Я должен его ждать ровно в два часа в условленном месте. Я зубрил по карте то место, куда мне надлежало выйти. Последний немецкий проводник, который подвел меня к самой линии границы, помогал мне зубрить, как мог, – но он не понимал по-русски ни полслова, поэтому помощь его носила несколько символический характер. Переводить меня на ту сторону проводнику нет смысла: бельгийские явки ему все равно не известны, товарищ из бельгийского коммунистического подполья так или иначе встретит меня, а зазря рисковать нет никакого смысла. Я понимаю это, и немецкий товарищ тоже понимает это, но все равно он несколько раз начинал объяснять мне – смущаясь и растерянно вороша волосы, – почему отпускает меня одного.
– Я там буду все равно не нужен, – говорит он, – понимаешь?
– Понимаю.
– Если бы я толком знал их явки…
– Очень хлопотное дело – знать явки, да?
– О, не говори.
Он смеется моему варварскому немецкому языку. Произношение у меня приличное: сказывается два года в Щепкинском училище. Многие немцы сначала, когда я говорил «здравствуй» или «как дела» – принимали меня за стопроцентного берлинца.
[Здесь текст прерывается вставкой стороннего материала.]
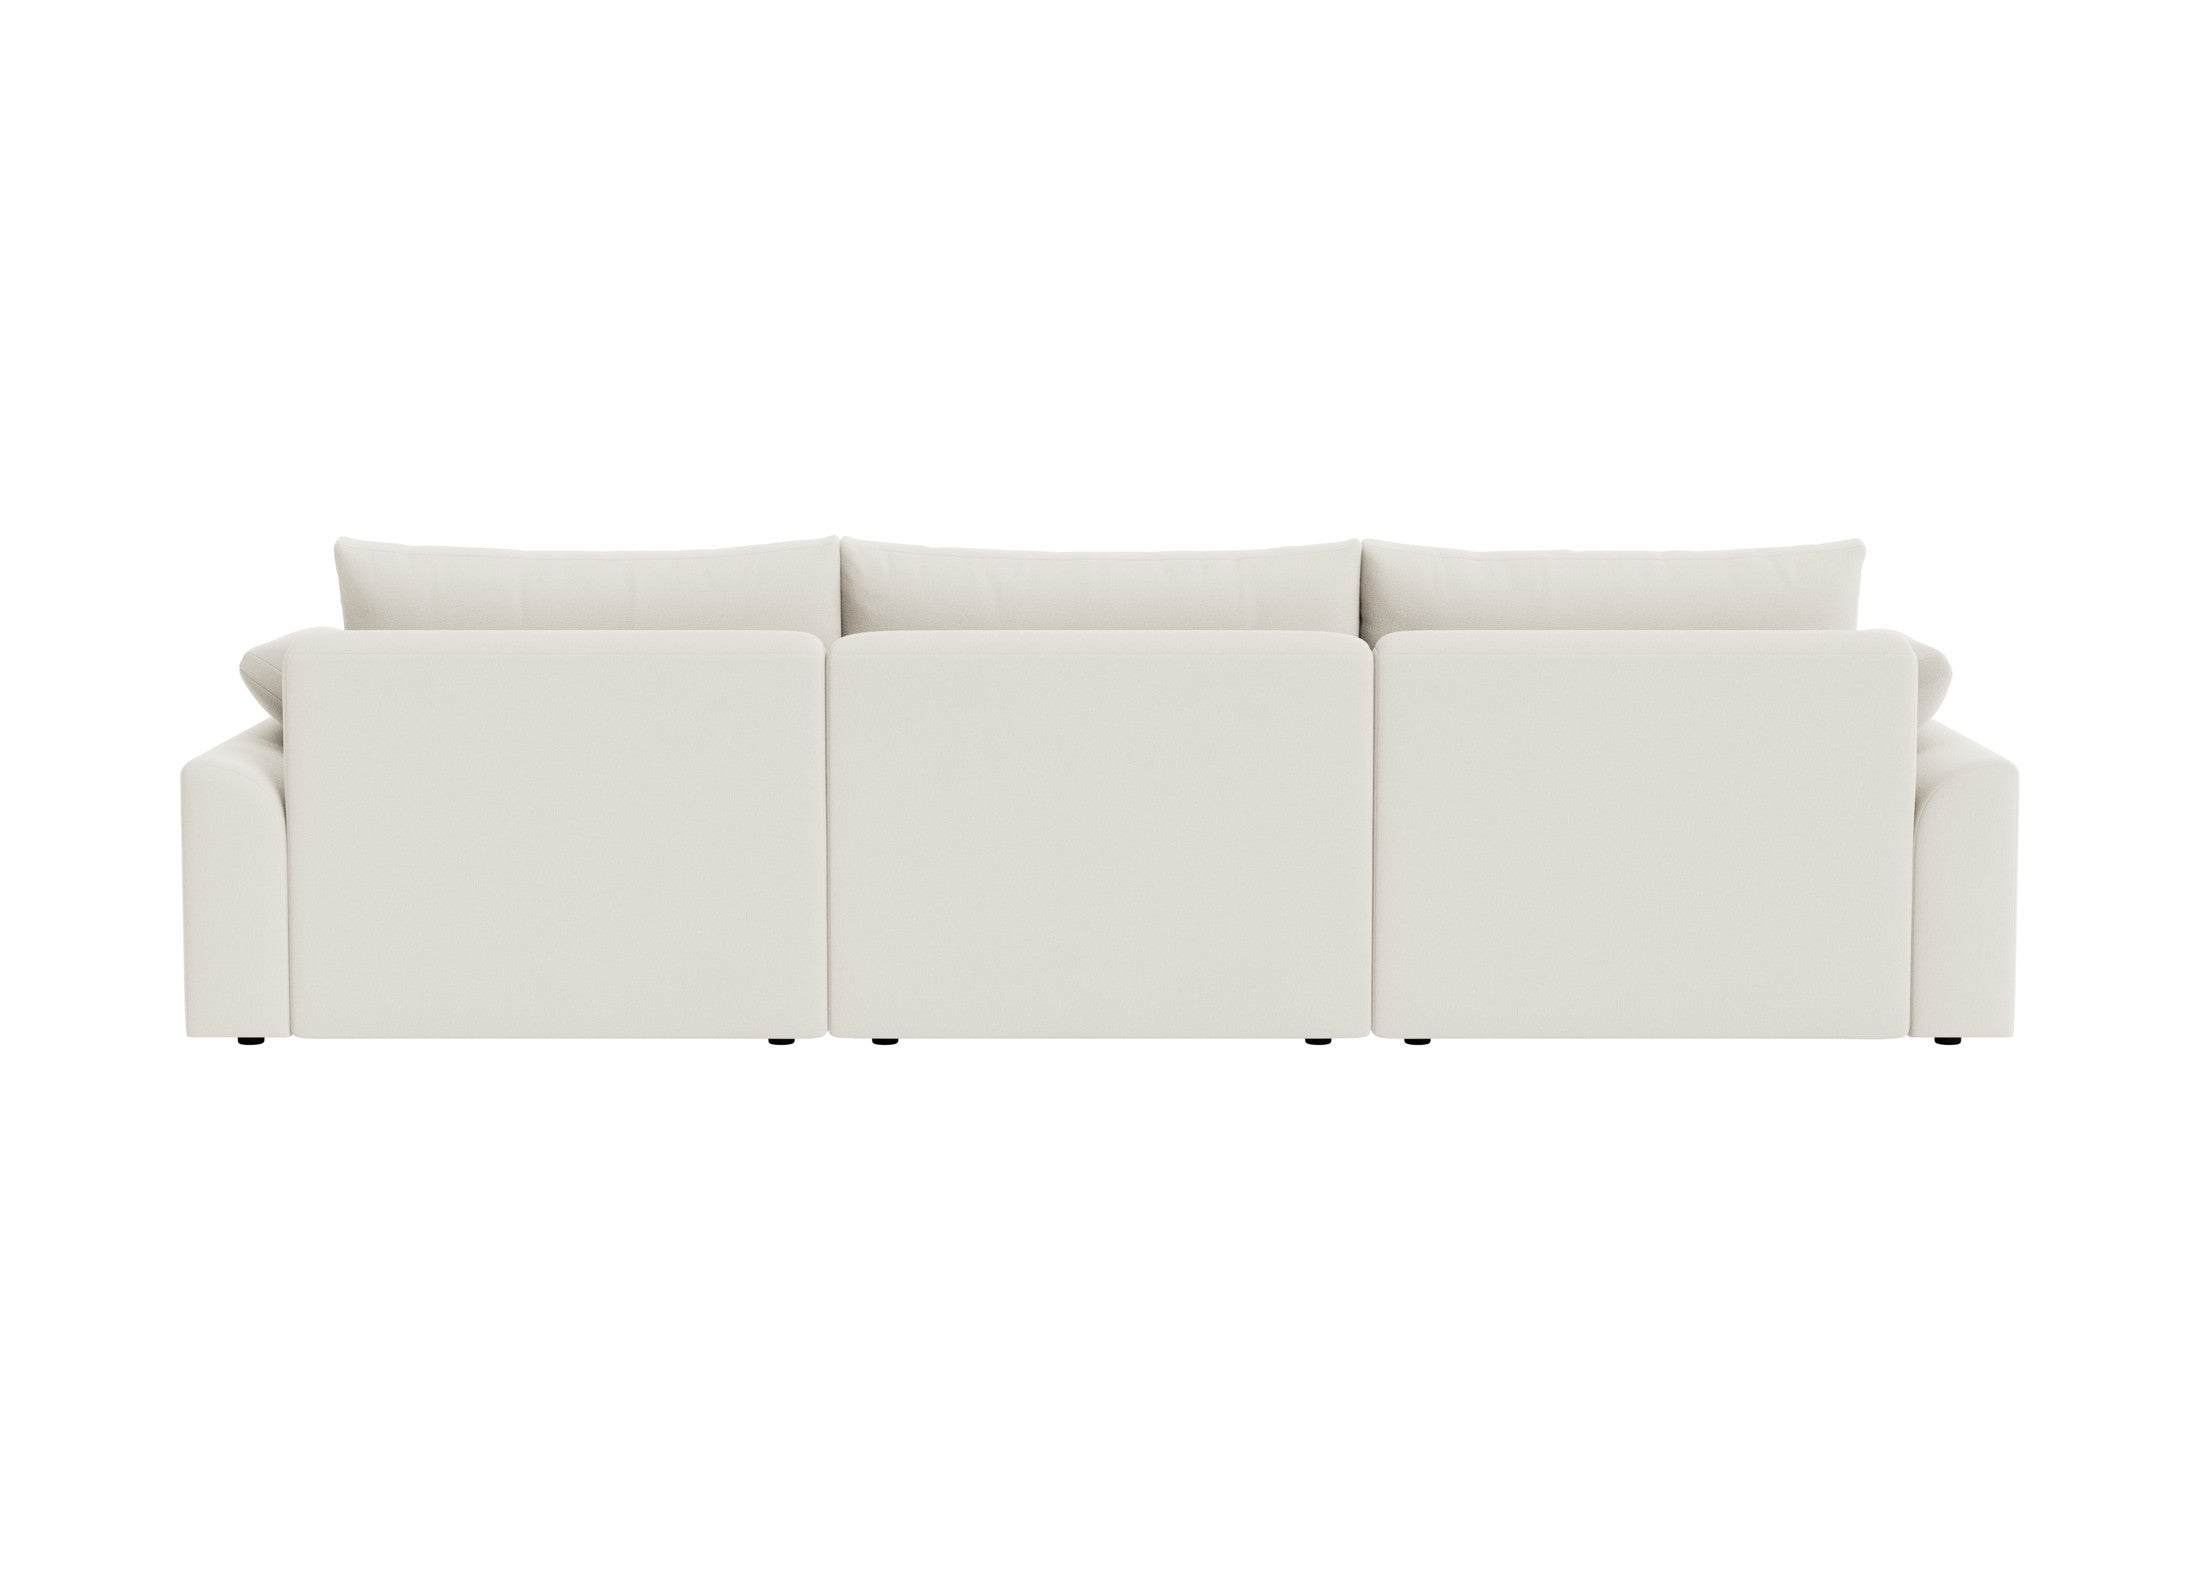 Cuddle Brioche Modular Sofa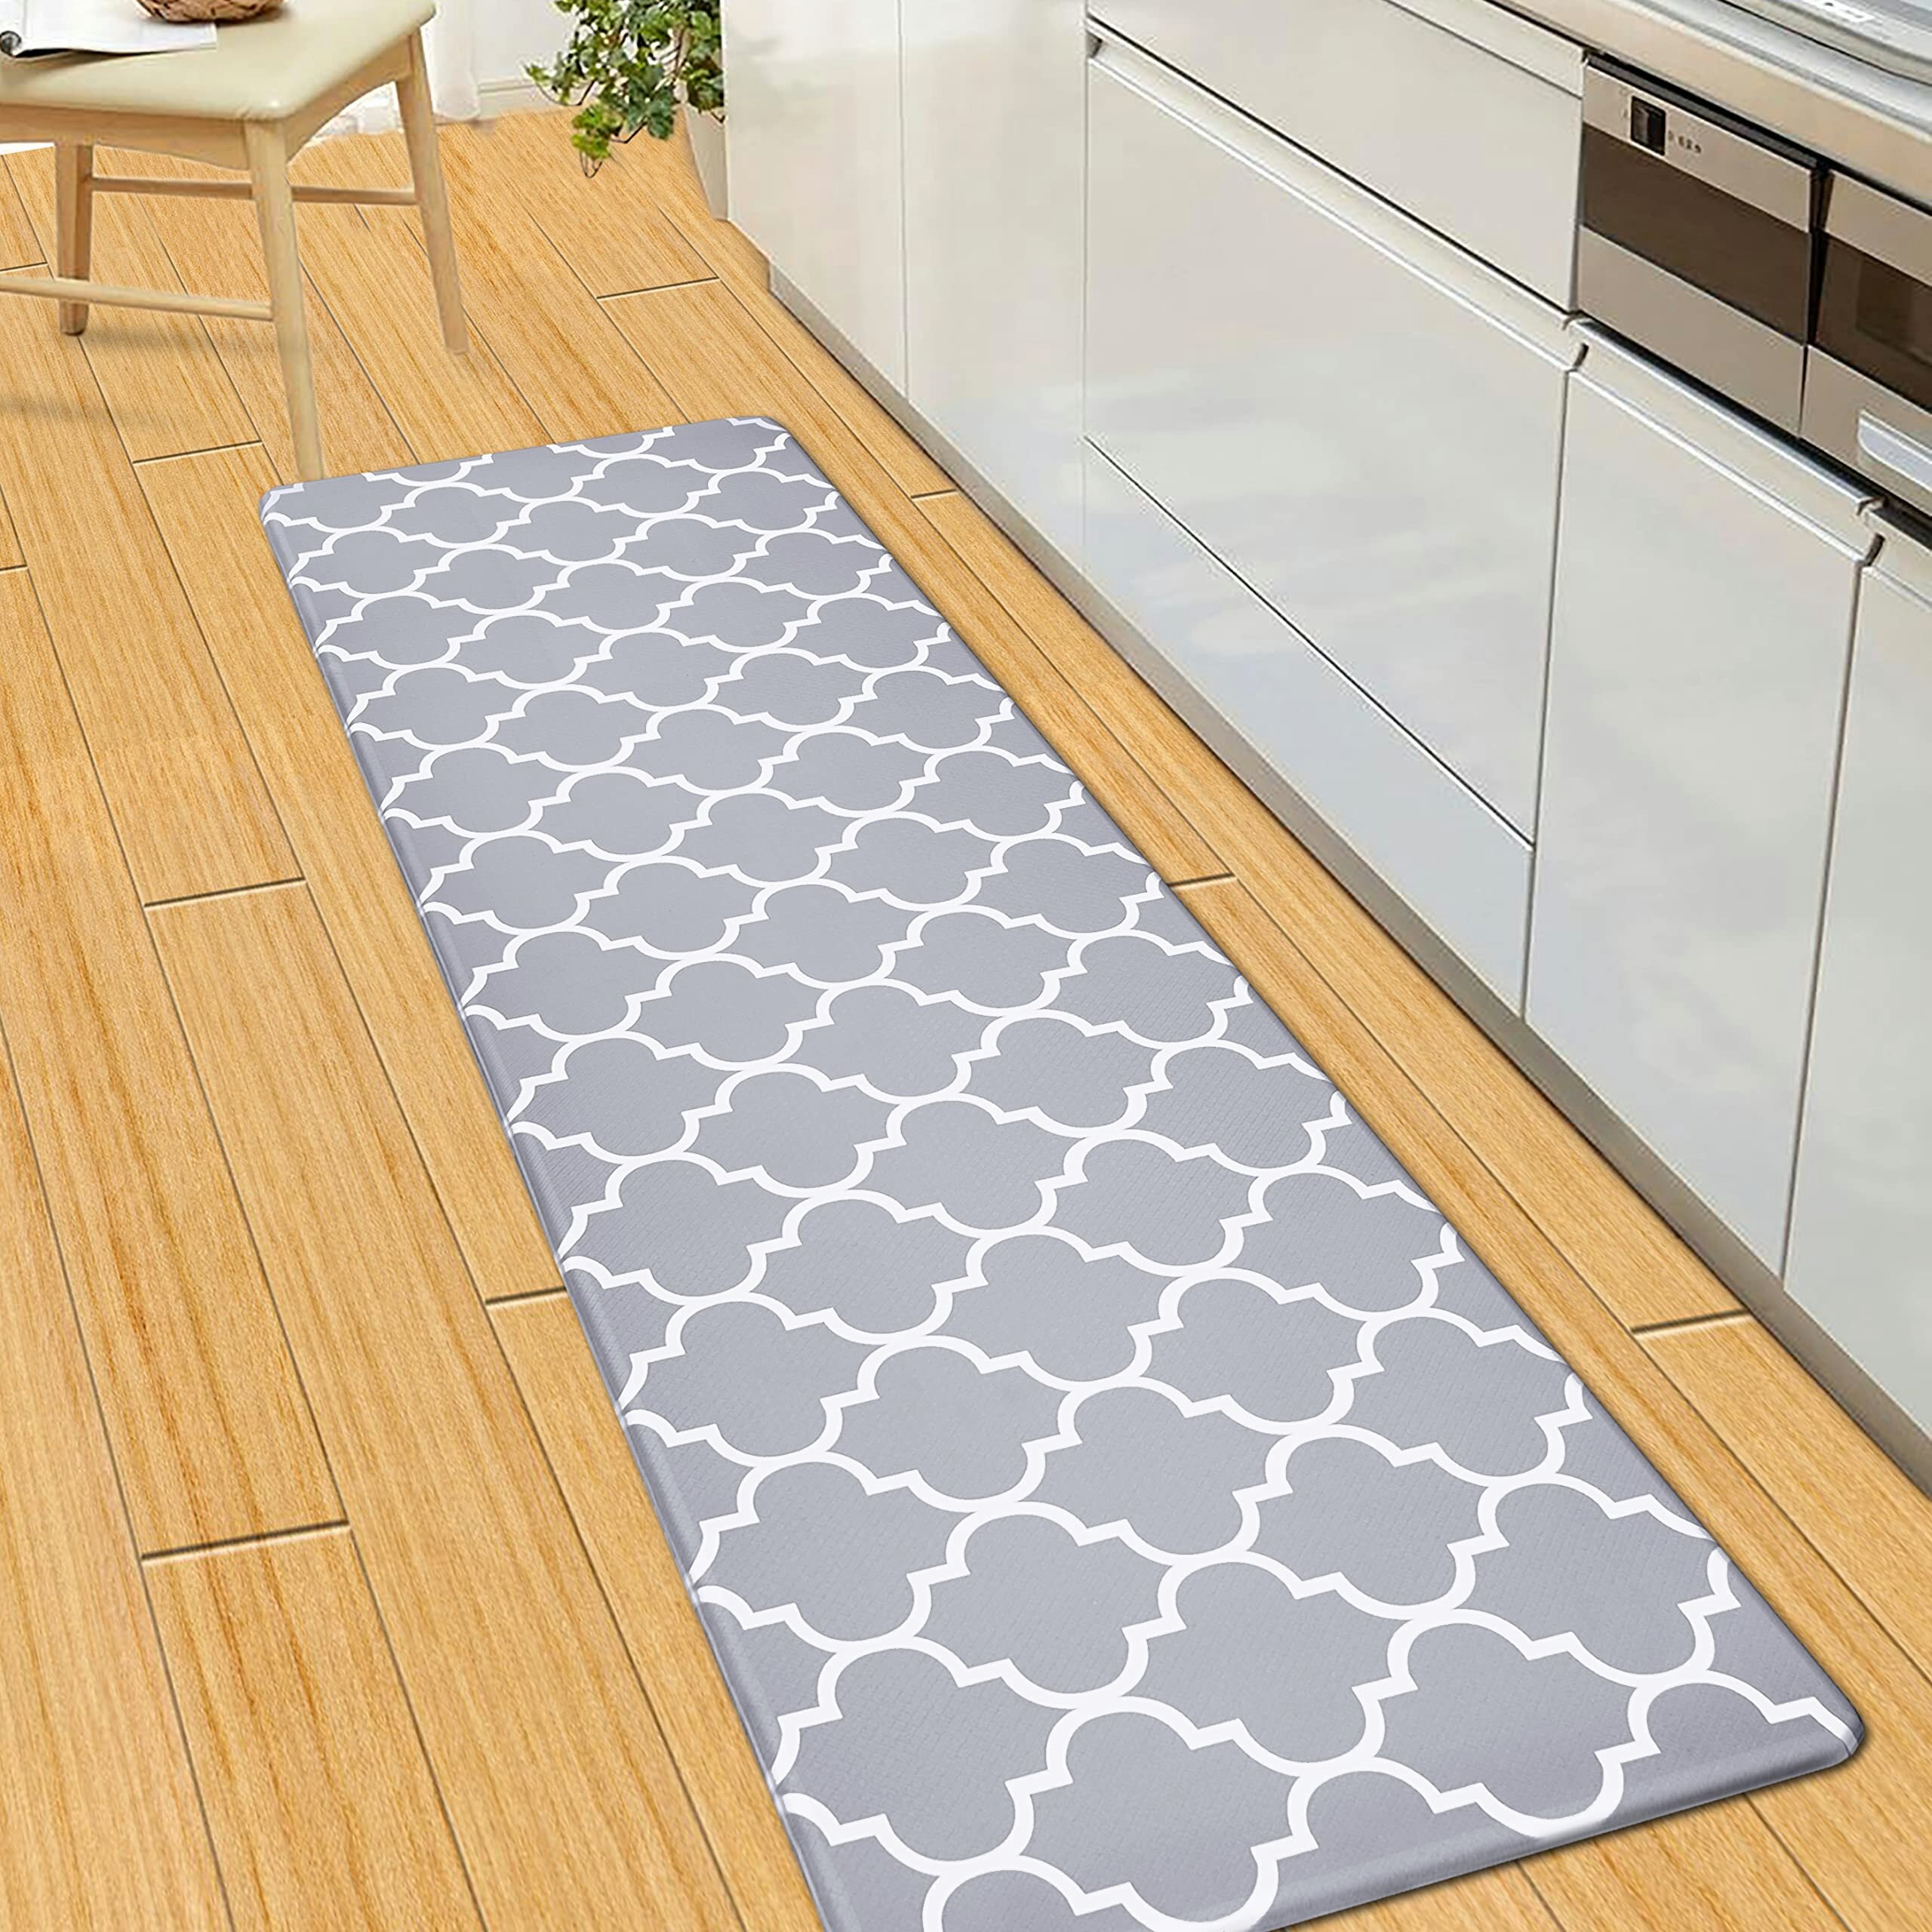 waterproof and anti-fatigue pvc floor mat Laundry room rugs

– Будь здоров, – говорит немецкий провожатый, – здесь полтора километра ползком вдоль по просеке, собак у них нет, а прожектор будешь пережидать. Потом – на ту поляну. Два часа слушай, как тебя окликнет человек. Он скажет: «Приятель, пойдем потолкуем!» – помнишь?
Теперь смешно мне: очень уж забавно у немца получается наша фраза. Он тоже улыбается, пожимает мне руку и еще раз предупреждает:
– Не торопись, тут все всегда хорошо сходило. Их здесь мало, так что – в добрый час. Если тамошний проводник не выйдет, ты помнишь, что в деревне Боннеж есть кюре Жюль – толстый и с бородой. Тебе надо выйти к нему. Все. Рот фронт, товарищ!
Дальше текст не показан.